Beyond AML-CTF Requirements

Subjection of service providers in virtual currencies to AML-CTF requirements will carry further operational requirements. Thanks to their newly constituted set of identification data, international sanctions screening will become mandatory. Additional requirements relating to sanctions compliance are also arising. In March this year, the US Office of Foreign Assets Control (OFAC) updated its guidance to include a section on virtual currency. OFAC added that it will use sanctions to “fight against criminal and other malicious actors abusing digital currencies and emerging payment systems”. One option open to OFAC is to include digital currency addresses associated with sanctioned individuals and entities onto its list of Specially Designated Nationals and Blocked Persons (known as the SDN list). It is also possible that authorities will consider banning dealings in some virtual currencies, either for foreign policy reasons (as OFAC did with Petro, as the virtual currency  can help a sanctioned country to get access to financing, for example), or because of the technical features of the currency (such as if they are specifically designed to transact anonymously).

Concluding Thoughts – Engaging in Effective Compliance

Our new whitepaper, Virtual Currencies, the Wild West of finance? outlines regulators’ growing interest in virtual currencies. There is already a wide consensus among global regulators for regulation on virtual currency activities, and in particular to distinguish between legitimate use and financial crime. Virtual currencies are underpinned by a decentralised technological concept and as such, are truly borderless. An effective regulatory response to mitigate ML-TF risks of virtual currencies can only be global.

Regulators are focusing their attention on the providers of exchange services, extending know-your-customer (KYC) and sanctions screening requirements that are applied to banks and other institutions to those that deal in virtual currencies. This is the first necessary piece of a global regulatory framework for the virtual currency industry. It also circumvents the need for immediate stand-alone legislation as the scope of existing requirements can simply be extended to mitigate the most obvious risks. Under US Bank Secrecy Act, for example, virtual currency platforms are defined as “money transmitters” and must as such register with FinCEN and implement AML-CTF compliance frameworks. What is certain is that the providers of virtual currency services across the world should prepare themselves for compliance with AML and counter-terrorism financing regulation. Before long, the virtual currency industry will be defined by high regulatory standards and strong frameworks to mitigate the risk of financial crime.

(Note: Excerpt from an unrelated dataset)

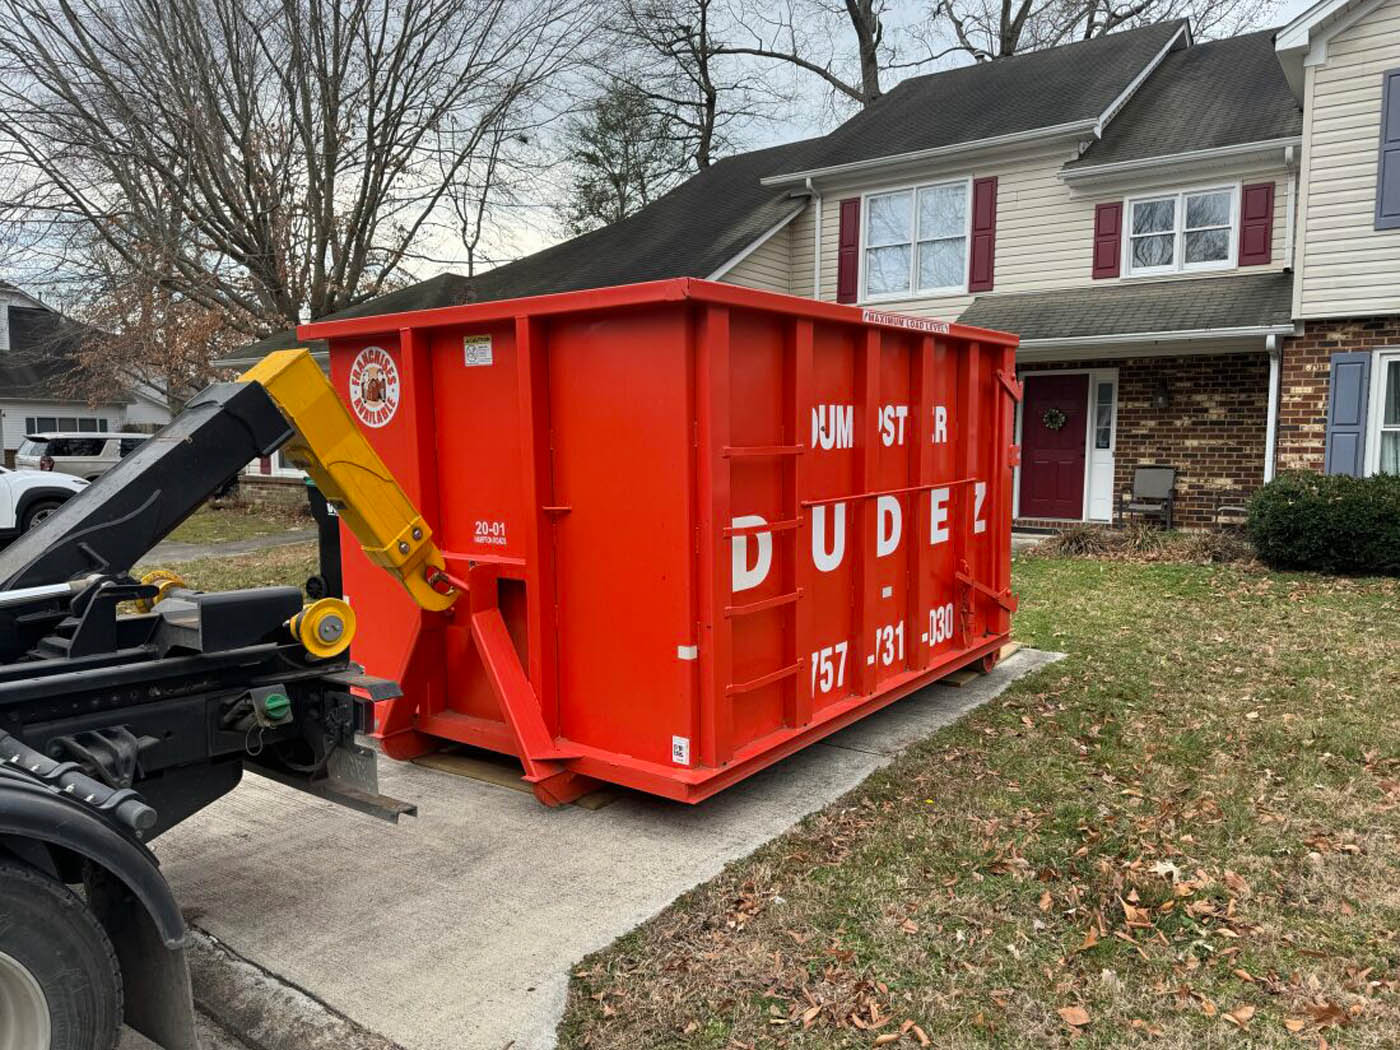 
				A roll-off dumpster from Dumpster Dudez parked in a home's driveway.

Regulators will look for robust due diligence procedures, effective transaction-monitoring systems and sanctions filtering programs, and clear processes for the regulatory reporting of suspicious activity. The good news is that there are excellent systems and solutions available – such as Accuity’s Fircosoft products – which are designed to help institutions and others meet compliance requirements efficiently and effectively. These solutions, already used extensively by many of the world’s largest banks, are easy to use and provide the confidence that compliance legislation is being met effectively without impacting the customer experience.

Good compliance will also require training, and a review of processes. The work should start now – regulators already have virtual currency in their sights. This isn’t a matter of if, but when.